York Biomedical Research Institute and Department of Biology, University of York, United Kingdom.
Wellcome Centre for Integrative Parasitology, Institute of Infection, Immunity and Inflammation, College of Medical Veterinary and Life Sciences, University of Glasgow, United Kingdom.
PLoS Pathog. 2020 Oct 27;16(10):e1008784. doi: 10.1371/journal.ppat.1008784. eCollection 2020 Oct.

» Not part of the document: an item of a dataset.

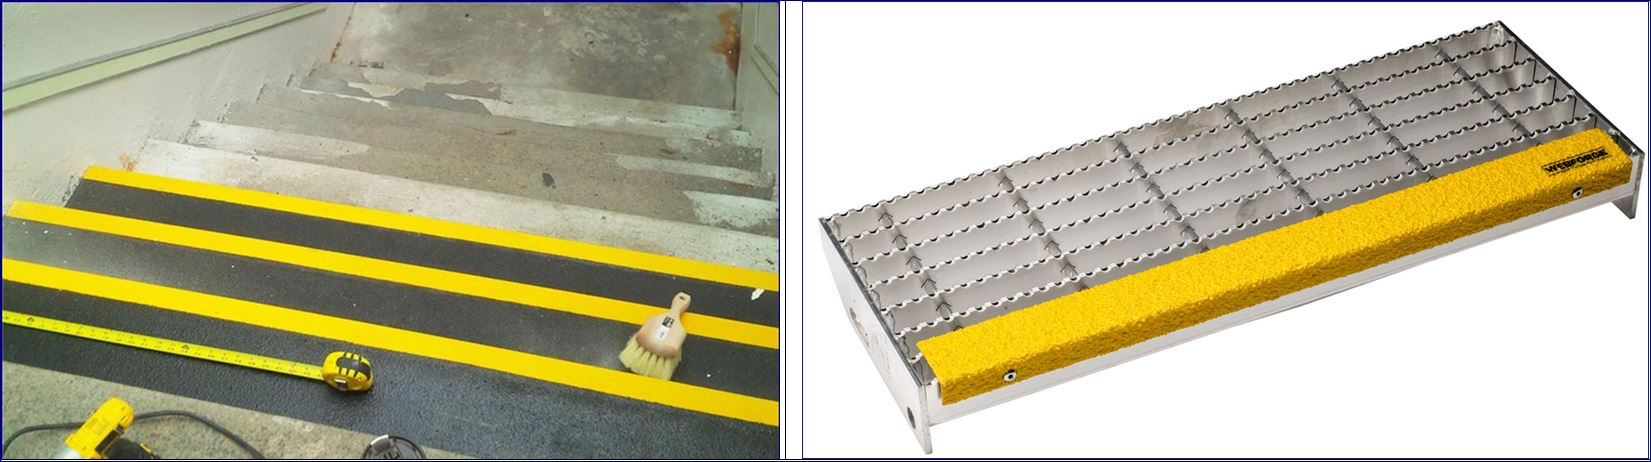 Stair Tread Nosing Step Cover แผ่นเทปตีเส้นเรืองแสงกั้นเขตจมูกขอบมุมคิ้วแผงครอบบันได

Post-translational modifications such as ubiquitination are important for orchestrating the cellular transformations that occur as the Leishmania parasite differentiates between its main morphological forms, the promastigote and amastigote. 2 E1 ubiquitin-activating (E1), 13 E2 ubiquitin-conjugating (E2), 79 E3 ubiquitin ligase (E3) and 20 deubiquitinating cysteine peptidase (DUB) genes can be identified in the Leishmania mexicana genome but, currently, little is known about the role of E1, E2 and E3 enzymes in this parasite. Bar-seq analysis of 23 E1, E2 and HECT/RBR E3 null mutants generated in promastigotes using CRISPR-Cas9 revealed numerous loss-of-fitness phenotypes in promastigote to amastigote differentiation and mammalian infection. The E2s UBC1/CDC34, UBC2 and UEV1 and the HECT E3 ligase HECT2 are required for the successful transformation from promastigote to amastigote and UBA1b, UBC9, UBC14, HECT7 and HECT11 are required for normal proliferation during mouse infection. Of all ubiquitination enzyme null mutants examined in the screen, Δubc2 and Δuev1 exhibited the most extreme loss-of-fitness during differentiation. Null mutants could not be generated for the E1 UBA1a or the E2s UBC3, UBC7, UBC12 and UBC13, suggesting these genes are essential in promastigotes. X-ray crystal structure analysis of UBC2 and UEV1, orthologues of human UBE2N and UBE2V1/UBE2V2 respectively, reveal a heterodimer with a highly conserved structure and interface. Furthermore, recombinant L. mexicana UBA1a can load ubiquitin onto UBC2, allowing UBC2-UEV1 to form K63-linked di-ubiquitin chains in vitro. Notably, UBC2 can cooperate in vitro with human E3s RNF8 and BIRC2 to form non-K63-linked polyubiquitin chains, showing that UBC2 can facilitate ubiquitination independent of UEV1, but association of UBC2 with UEV1 inhibits this ability. Our study demonstrates the dual essentiality of UBC2 and UEV1 in the differentiation and intracellular survival of L. mexicana and shows that the interaction between these two proteins is crucial for regulation of their ubiquitination activity and function.
泛素化等翻译后修饰对于协调利什曼原虫寄生虫在其主要形态形式前鞭毛体和无鞭毛体之间分化时发生的细胞转化非常重要。在墨西哥利什曼原虫基因组中可以鉴定出2个E1泛素激活酶(E1)、13个E2泛素结合酶(E2)、79个E3泛素连接酶(E3)和20个去泛素化半胱氨酸肽酶(DUB)基因,但目前,关于E1、E2和E3酶在这种寄生虫中的作用知之甚少。使用CRISPR-Cas9对前鞭毛体中产生的23个E1、E2和HECT/RBR E3基因敲除突变体进行的Bar-seq分析揭示了在前鞭毛体向无鞭毛体分化和哺乳动物感染过程中许多适应性丧失的表型。E2s UBC1/CDC34、UBC2和UEV1以及HECT E3连接酶HECT2是从前鞭毛体成功转化为无鞭毛体所必需的,而UBA1b、UBC9、UBC14、HECT7和HECT11是小鼠感染期间正常增殖所必需的。在筛选中检测的所有泛素化酶基因敲除突变体中,Δubc2和Δuev1在分化过程中表现出最极端的适应性丧失。无法产生E1 UBA1a或E2s UBC3、UBC7、UBC12和UBC13的基因敲除突变体,这表明这些基因在前鞭毛体中是必需的。UBC2和UEV1分别是人类UBE2N和UBE2V1/UBE2V2的直系同源物,其X射线晶体结构分析揭示了一种具有高度保守结构和界面的异二聚体。此外,重组墨西哥利什曼原虫UBA1a可以将泛素加载到UBC2上,使UBC2-UEV1在体外形成K63连接的双泛素链。值得注意的是,UBC2可以在体外与人E3s RNF8和BIRC2合作形成非K63连接的多泛素链,表明UBC2可以独立于UEV1促进泛素化,但UBC2与UEV1的结合会抑制这种能力。我们的研究证明了UBC2和UEV1在墨西哥利什曼原虫的分化和细胞内存活中的双重必要性,并表明这两种蛋白质之间的相互作用对于调节它们的泛素化活性和功能至关重要。